Amazon¶
This example uses the 'Amazon' dataset to predict the number of forest fires in Brazil. You can download a copy of the Jupyter Notebook of the study here.
- date: Date of the record
- number: Number of forest fires
- state: State in Brazil
We'll follow the data science cycle (Data Exploration - Data Preparation - Data Modeling - Model Evaluation - Model Deployment) to solve this problem, and we'll do it without ever loading our data into memory.
Initialization¶
This example uses the following version of VerticaPy:
import verticapy as vp
vp.__version__
Connect to Vertica.
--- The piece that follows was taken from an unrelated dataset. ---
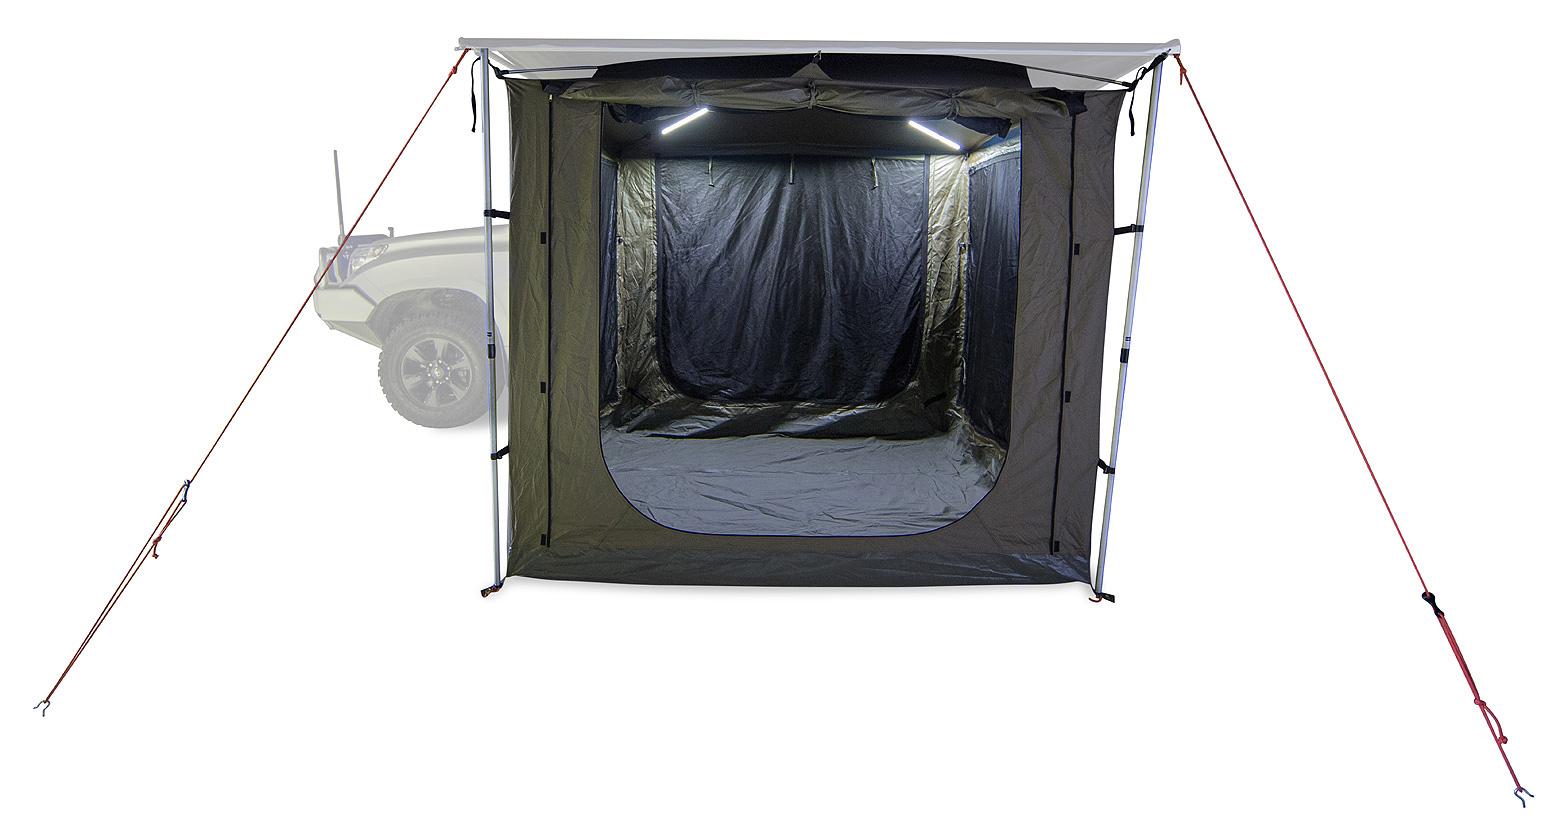 Sunseeker 2.5m Base Tent - #32119   Rhino-Rack  sc 1 st  Rhino-Rack & Base Tent 2500 - #32119   Rhino-Rack

This example uses an existing connection called "VerticaDSN." For details on how to create a connection, use see the connection tutorial.
vp.connect("VerticaDSN")
Let's create a Virtual DataFrame of the dataset.
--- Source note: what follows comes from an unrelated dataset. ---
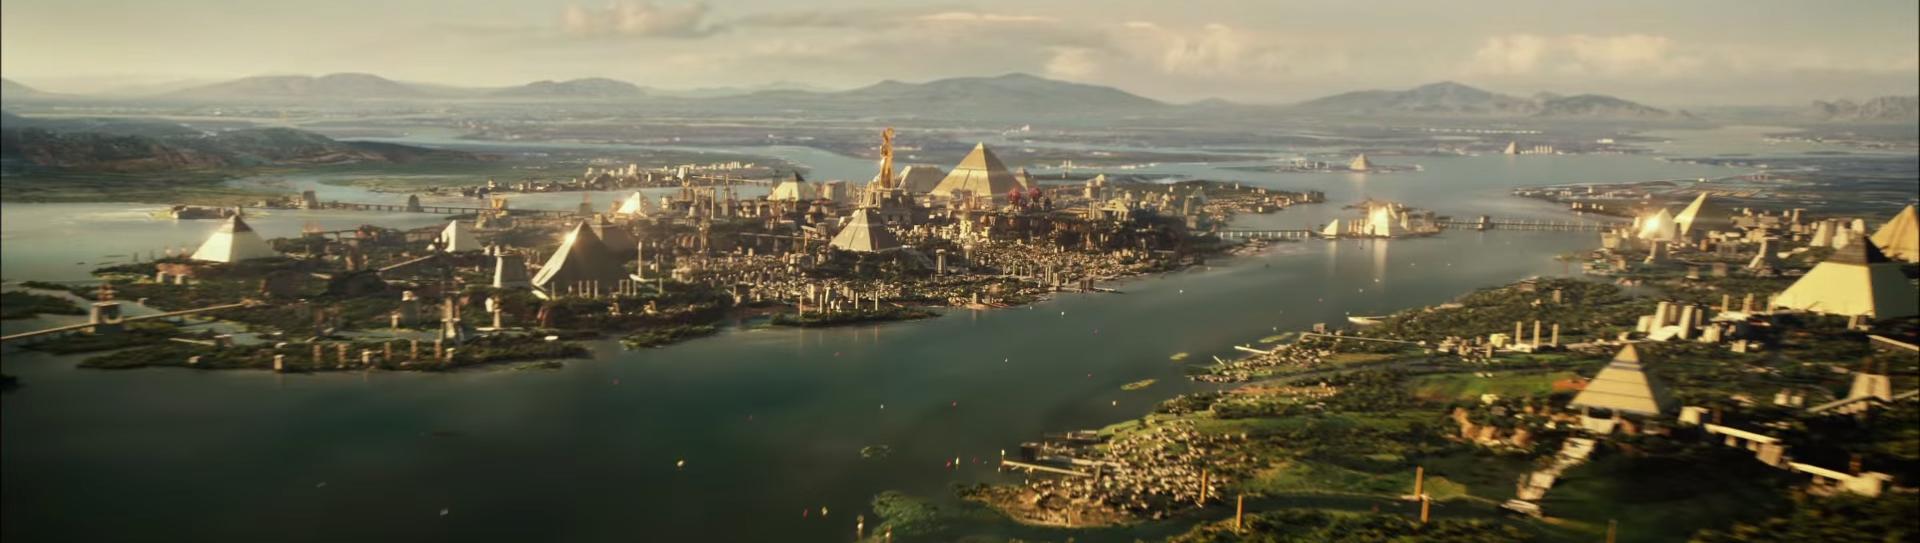 Gods of Egypt. Image Credit: Lionsgate.

from verticapy.datasets import load_amazon
amazon = load_amazon()
amazon.head(5)
Data Exploration and Preparation¶
We can explore our data by displaying descriptive statistics of all the columns.
amazon.describe(method = "categorical", unique = True)
Using the describe() method, we can see that our data ranges from the beginning of 1998 to the end of 2017.
amazon["date"].describe()
Brazil has dry and rainy seasons. Knowing this, we would expect that the frequency of forest fires vary between seasons. Let's confirm our hypothesis using an autocorrelation plot with 48 lags (4 years).
%matplotlib inline
amazon.acf(column = "number",
ts = "date",
by = ["state"],
p = 48)
The process is not stationary. Let's use a Dickey-Fuller test to confirm our hypothesis.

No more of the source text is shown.